The time-series normalized difference vegetation index (NDVI) product has proven to be a powerful tool to investigate the phenological information because it can monitor the change of the forests with very high time-resolution, This study described the application of the DFT analysis over the 9 year MODIS data for the identification of the two types of vegetation cover, Pinus densiflora(Pd) and Querqus mongolica(Qm) which are dominant species of evergreen and broadleaved deciduous forest, respectively, The total number of samples was 5148 reference cycles which consist of 2160 Pd and 2988 Qm. They were extracted from the pixel-based MODIS scenes over the 9 years from 2000 to 2008 of South Korea. The DFT analysis was mainly focused on the 0th and $1^{st}$ harmonic components, each of which represents the mean value and the variation amplitude of the NDVI over the years, respectively. The $0^{th}$ harmonic values of the vegetation Pd and Qm averaged over the 9 years were 0.74 and 0.65, respectively. This implies that Pd has a higher NDVI than Qm. Similarly obtained $1^{st}$ harmonic values of Pd and Qm were 0.19 and 0.27, respectively.

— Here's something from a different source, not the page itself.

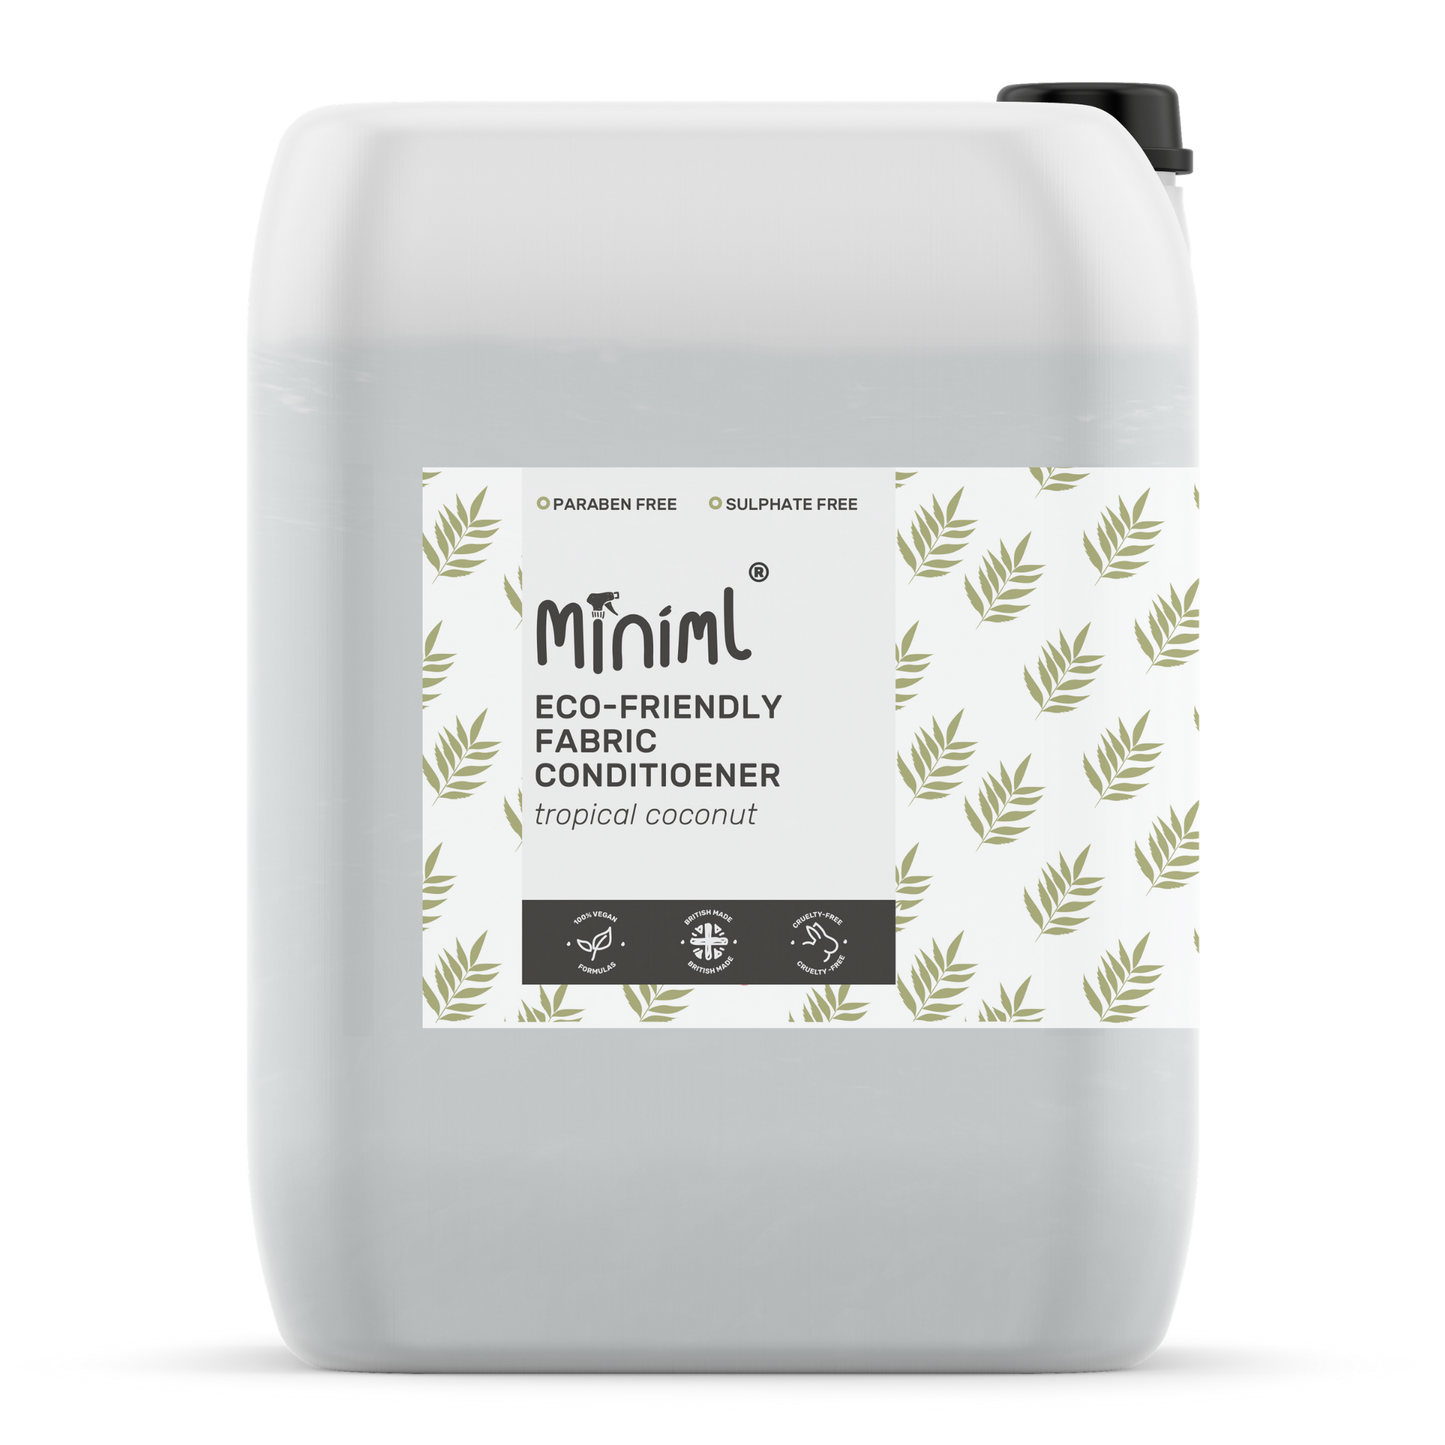 Miniml Fabric Conditioner - 20L

This can be intuitively understood considering that the seasonal variation of Qm is much larger than Pd. This distinctive difference of the $1^{st}$ harmonic value has been used to identify evergreen and deciduous forests. Overall agreement between the Fourier analysis-based map and the actal vegetation map has been estimated to be as high as 75%. This study found that the DFT analysis can be a concise and repeatable method to separate and trace the changes of evergreen and deciduous forest using the annual NDVI cycles.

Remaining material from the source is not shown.